I’ve recently been learning more about Generative AI and LLMs as part of my day job, and was having problems understanding some of the concepts. Evals, fine tuning, etc; it was all confusing to me.
Until I had an epiphany, and realised that I already have a mental model for this sort thing already: containers.
Dockerfiles that build containers are just instructions to build a tarball. That container image without the instructions is a black box. That black box could be an LLM Model.
Prompt engineering is changing the entrypoint of a LLM model.
Fine Tuning is adding more to layers into the container, by adding to the Dockerfile, adding onto the existing base container.
Evaluation is comparing the outputs of two different containers with custom args, or different base images.
Retrieval Augmented Generation (RAG) is connecting to a database. That could be a SQLite flatfile to add into the container, or it could be a live SQL database, information that is not baked into the model/container.
Functions are just functions, connecting to APIs.

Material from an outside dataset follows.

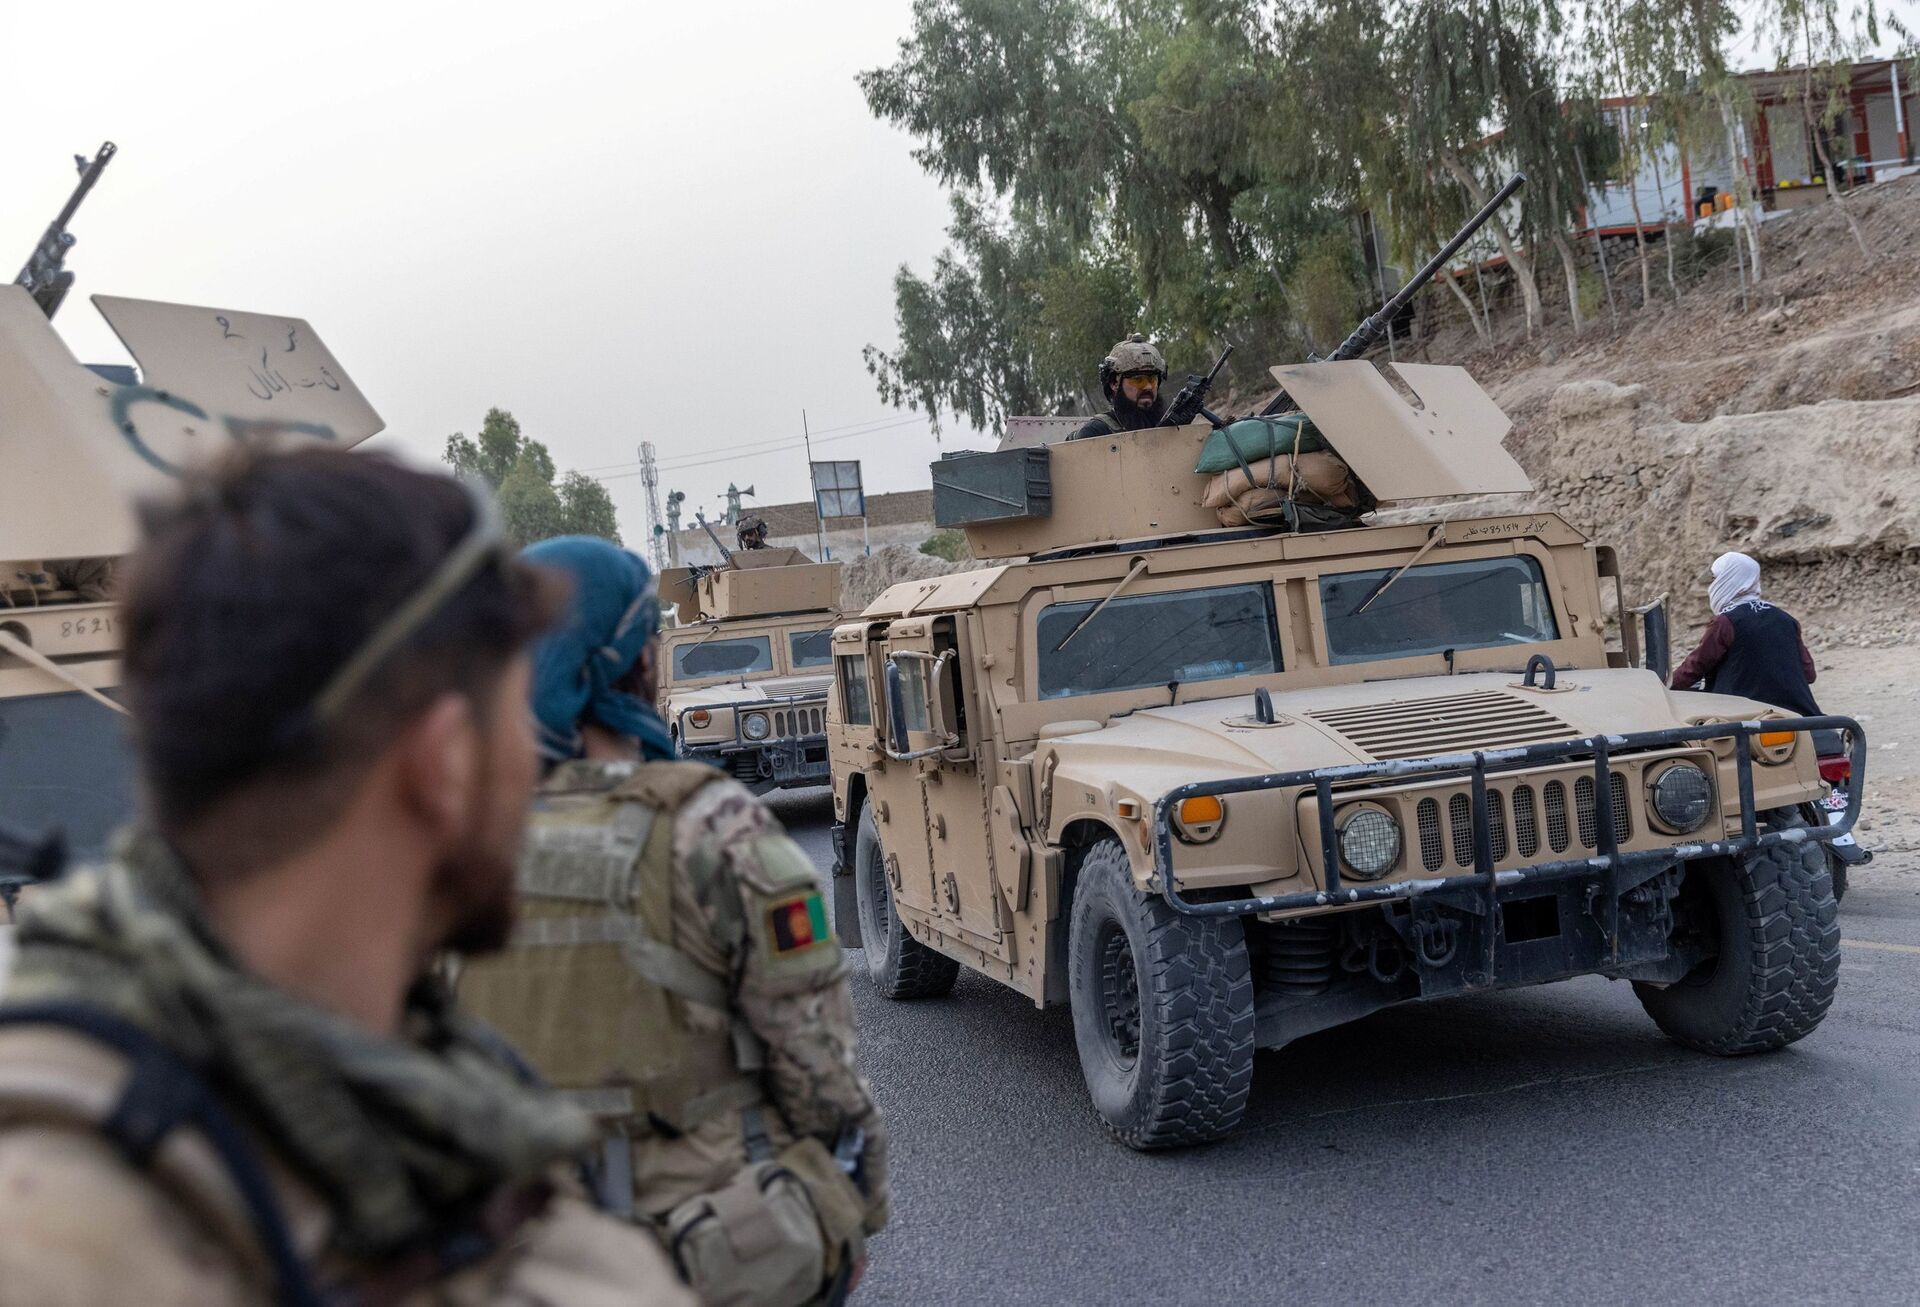 A convoy of Afghan Special Forces is seen during the rescue mission of a police officer besieged at a check post surrounded by Taliban, in Kandahar province, Afghanistan, July 13, 2021. REUTERS/Danish Siddiqui - Sputnik International, 1920, 07.09.2021
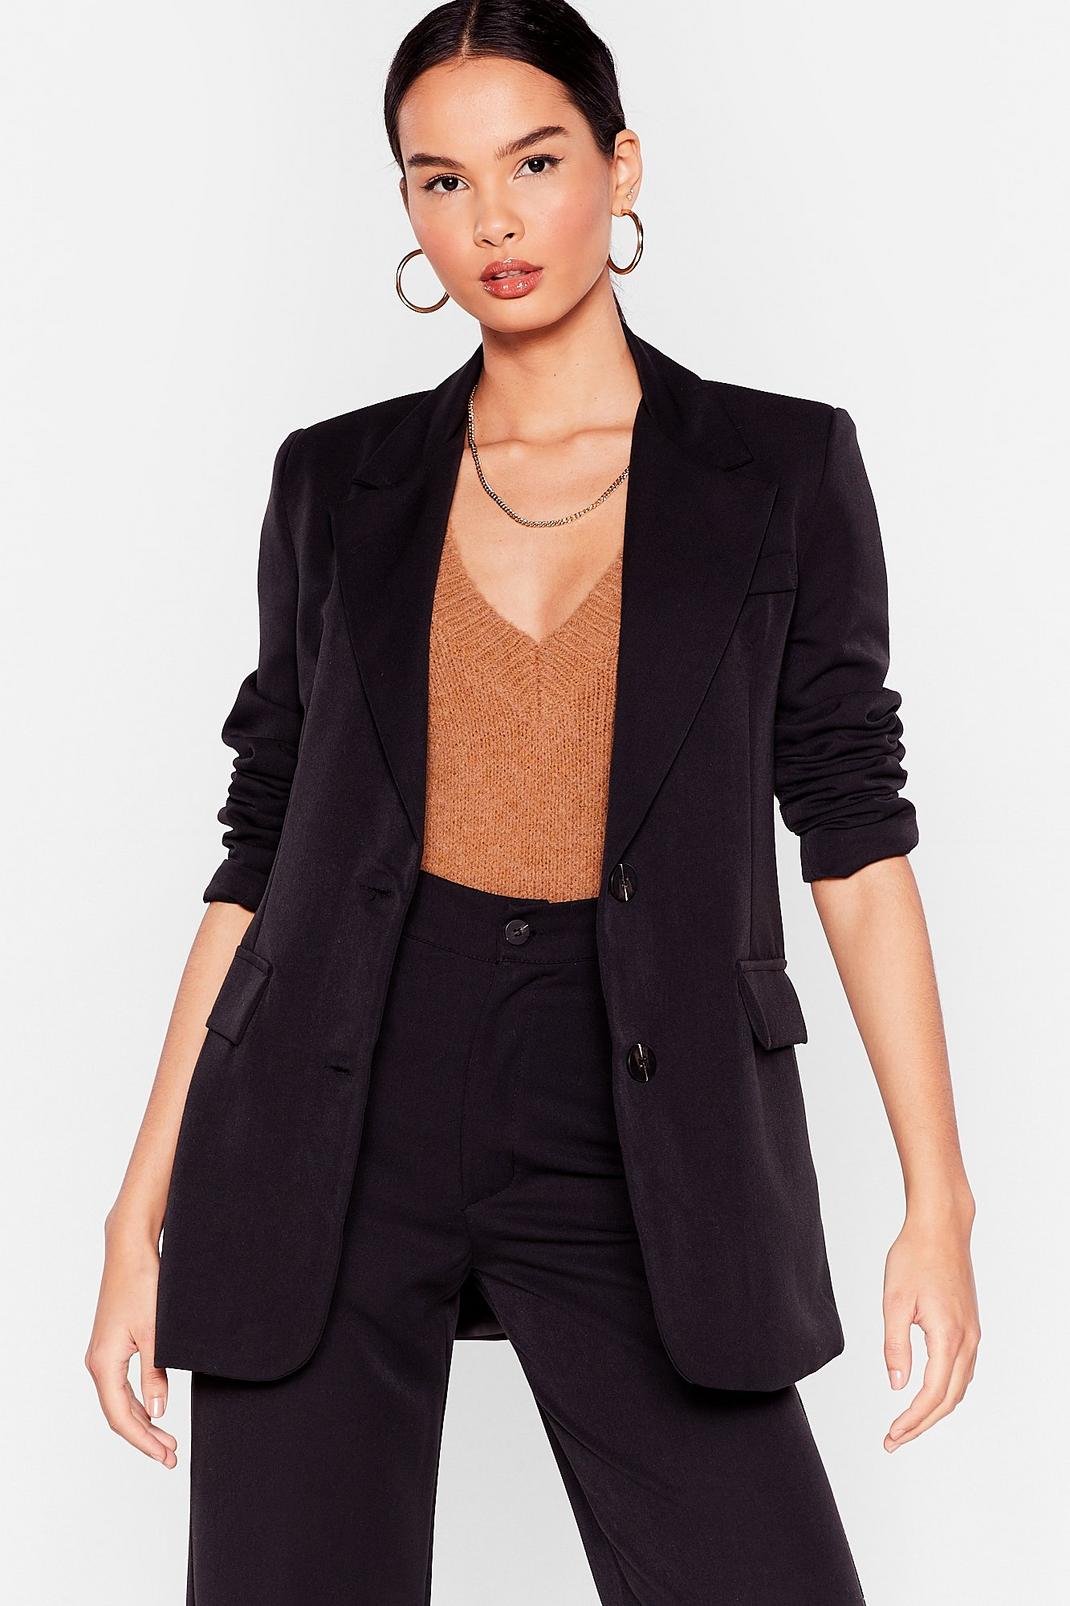 Flared Trouser Suit

HuggingFace is just Docker Hub, or any other hosting platform for blobs of stuff that you can call down by name.
You can also skip the whole Dockerfile part and use named models from a hosting provider, sort of like using Cloud Functions or Buildpacks for named programming environments. E.g. gemini-1.5.-pro
is just contents of the .python-version
file.
You will never see the contents of the Dockerfile, unless you build it yourself (and you may not need to, depending on your use case, you don’t have to start FROM scratch
).
Note: this blogpost is more for me than anyone else, but please let me know if this helped map the concepts in your mind!